La peur, une arme
Annexe : Interview de Luc Ferry
- Nous connaissons les effets négatifs de la peur. Mais peut-on, comme George Sorel qui a exposé des aspects positifs de la violence, parler d’une peur aux effets positifs ?
- George Sorel était un anarchiste, mouvement qui, à son époque, justifiait la peur. Par exemple, les anarchistes russes après Bakounine appelaient "La propagande par le fait": faire peur aux autres pour faire bouger la société et provoquer une prise de conscience efficace. Dans ce cadre, la peur semble bénéfique du point de vue de celui qui l’exerce, tout comme pour d’autres types de peur. Aussi, d’un aspect biologique, la peur est, selon Darwin, ce qui permet de nous préserver du danger et avancer. Mais il ne faut pas oublier que la peur, dans la philosophie des sages grecs, nous enferme et nous aveugle ce qui présente des aspects négatifs.
- Comment a évolué la peur au cours de l’Histoire ?
- La peur est l’une des "passions démocratiques" dont parlait Tocqueville comme la colère, l’amour ou la jalousie. Le changement opéré au XXe siècle est l’inauguration d’une époque moderne par la Grande Guerre de 1914, par la boucherie. Le rapport à la vie humaine, individuelle, et à la mort a changé, comme le montre Céline dans Voyage au bout de la nuit. Ce massacre de masse a ouvert la voie à d’autres désastres comme la Seconde Guerre mondiale et ses 50 millions de morts. Le traumatisme est européen.

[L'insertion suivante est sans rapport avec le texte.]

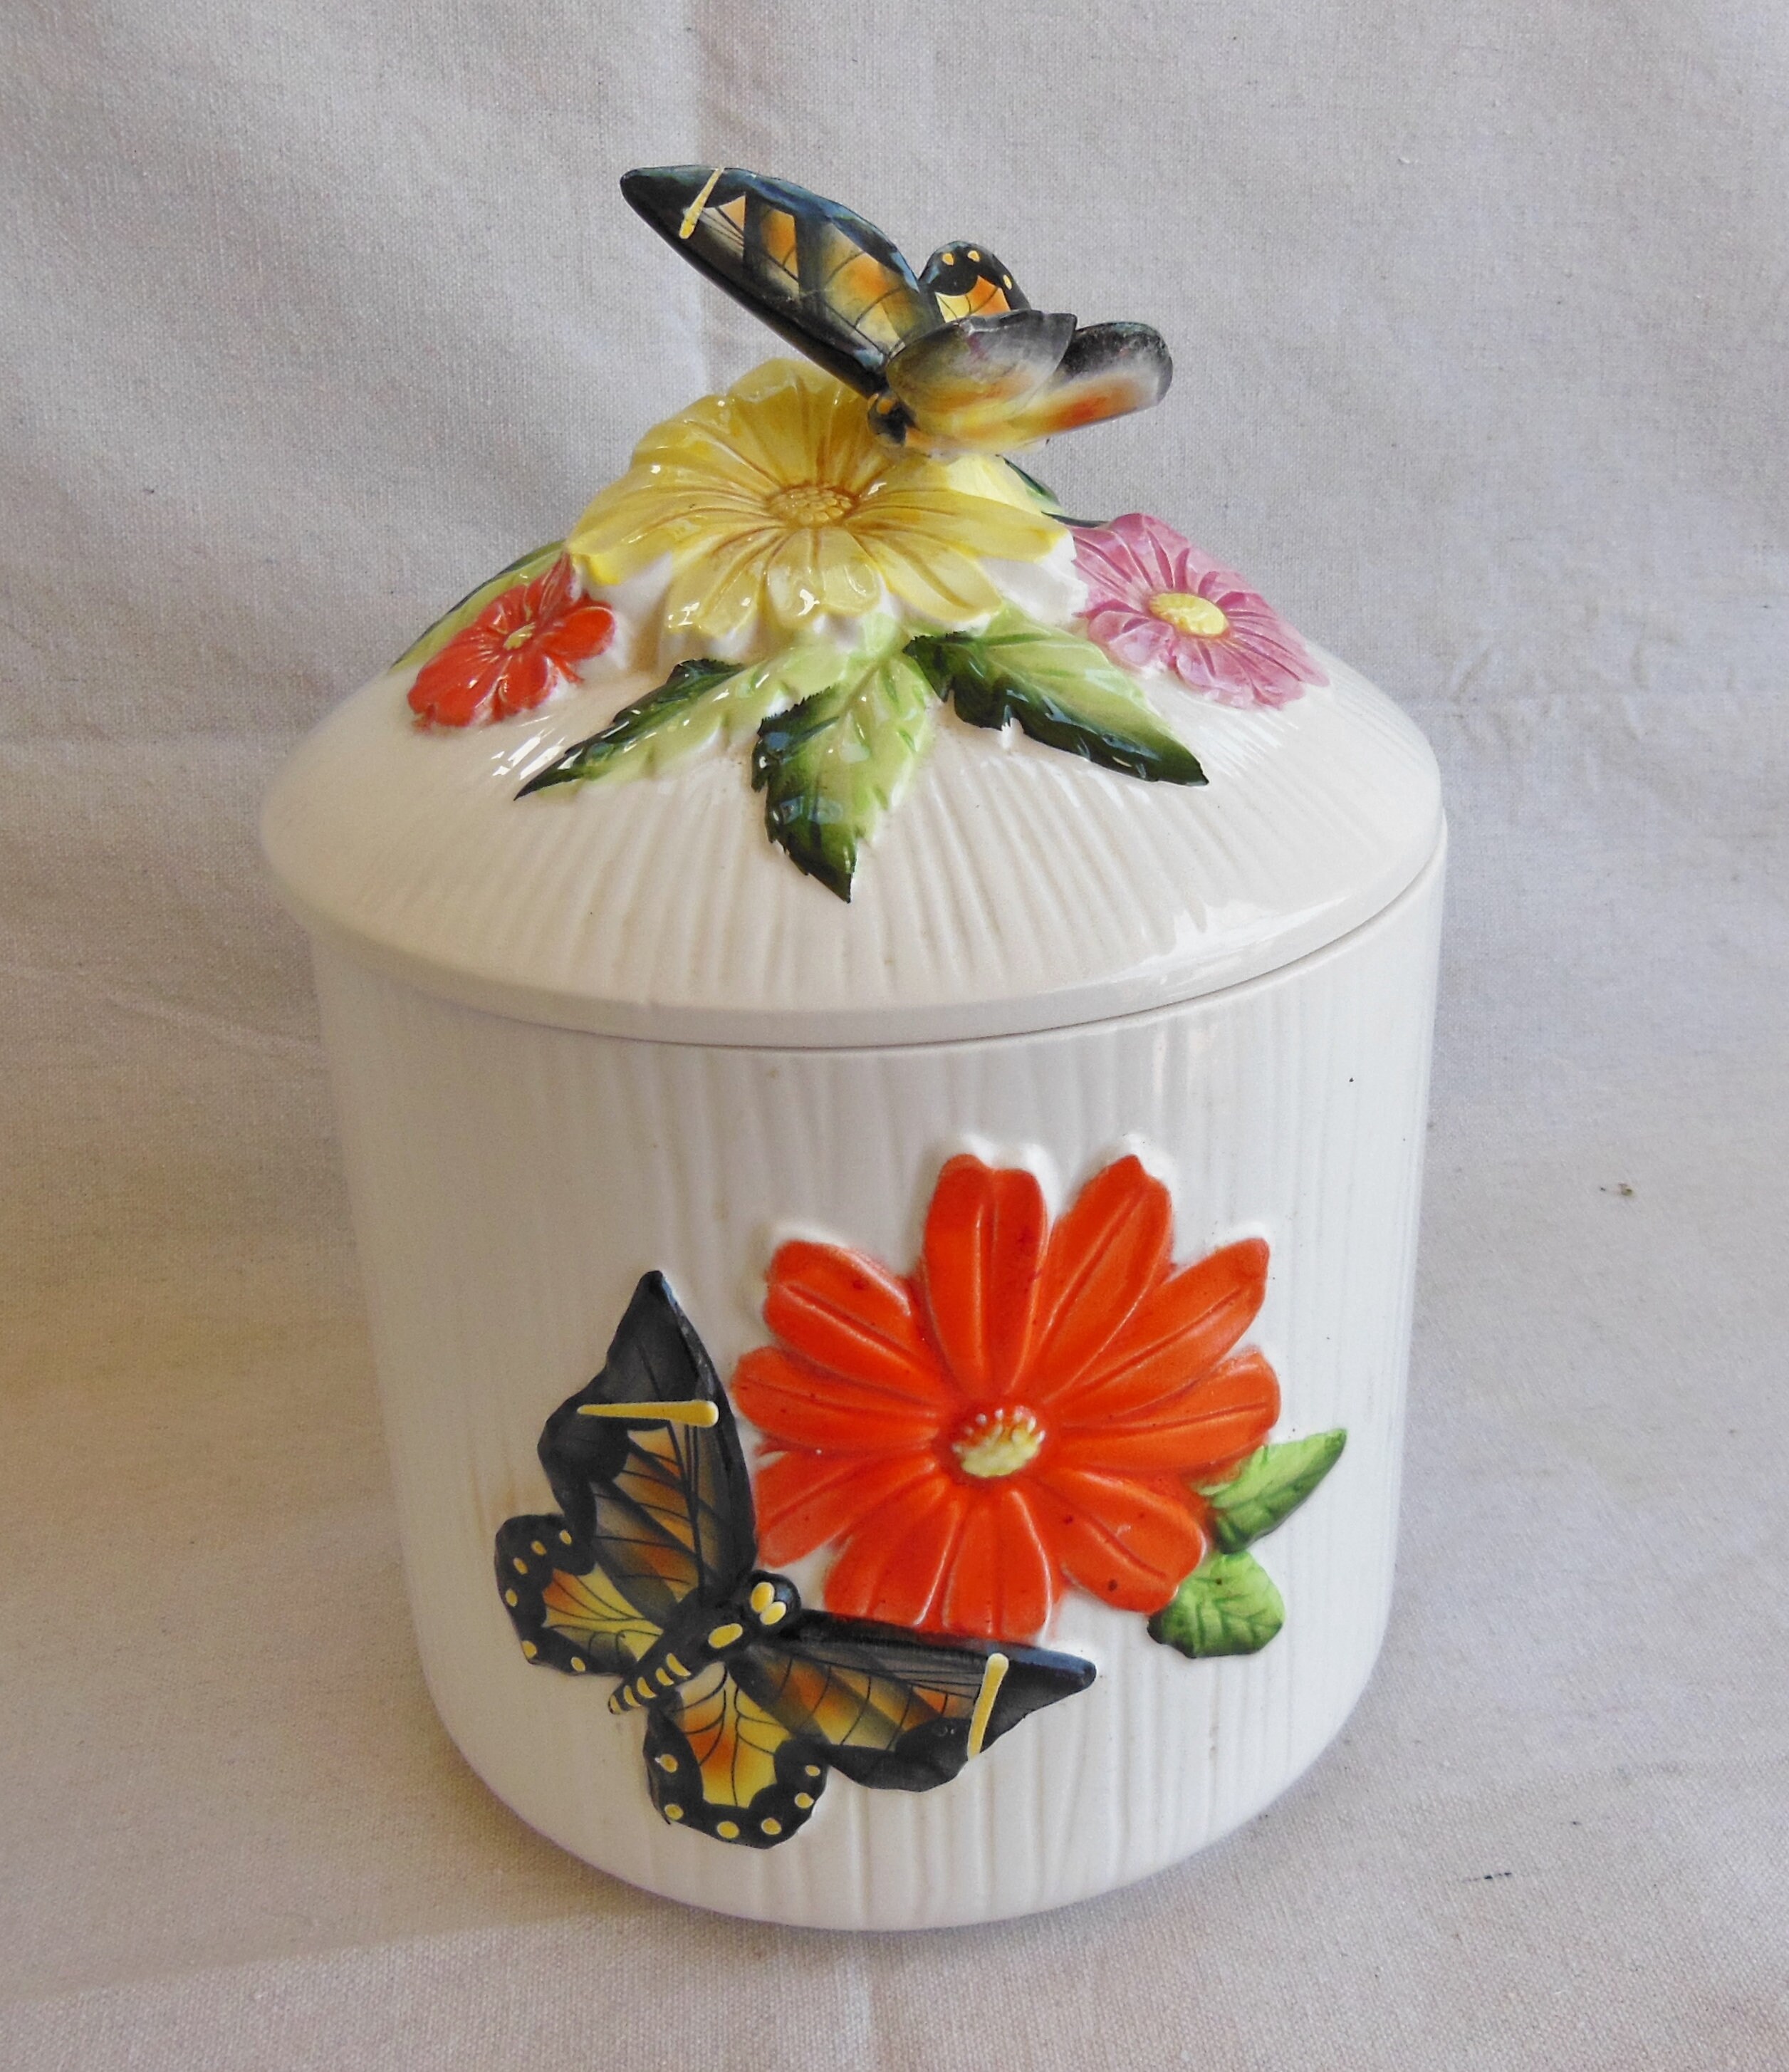 Lonovel Vintage Ceramic Cookies Jars,Retro Bird and Flower Design,Large  Kitchen Organization Storage Canister with Airtight Lid,Seal Canister for  Food

- Mais dans des conflits mondiaux ou dans les génocides du XXe siècle, doit-on dissocier les sentiments de peur et d’horreur ?
- Ces sentiments sont inévitablement liés pour les familles des victimes dans les sociétés modernes ou la mort paraît terrifiante. La mort religieuse, considérée comme soulageante, est devenue plus athée, scientifique et angoissante avec le progrès technique et les massacres du XXe siècle. Le terrorisme et la guerre asymétrique exploitent ces faiblesses humaines pour confronter violemment des sociétés à la peur avec un nombre relativement faible de moyens et victimes.
- Quand la peur est utilisée par les terroristes ou dans le cadre d’une guerre asymétrique, elle vise à s’exprimer. Mais le terme même d’asymétrique regroupe des ennemis variés, et pourrait remettre en cause la finalité de leur peur, notamment sur des conflits territoriaux avec une armée terroriste en Irak. Cette peur ne vise-t-elle donc pas à agir voire à combattre ?
- C’est d’abord une guerre pour se faire entendre. C’est aussi vrai qu’elle vise à agir car les terroristes comprennent que la peur peut changer de camp. En 1962, à la fin des événements d’Algérie, les policiers et CRS français frappaient des Algériens dans les rues, en pleines émeutes, les terrorisant. Aujourd’hui, la police et l’autorité française ont peur des djihadistes revenant d’Afrique du Nord, de Syrie, d’Irak. Tout le monde peut utiliser la peur.
- Finalement, quelle forme de peur marquera le plus le XXIe siècle ?
- La peur pour s’exprimer va croître car le conflit de valeurs opposées mène au "choc des civilisations" entre religions, politiques et nations.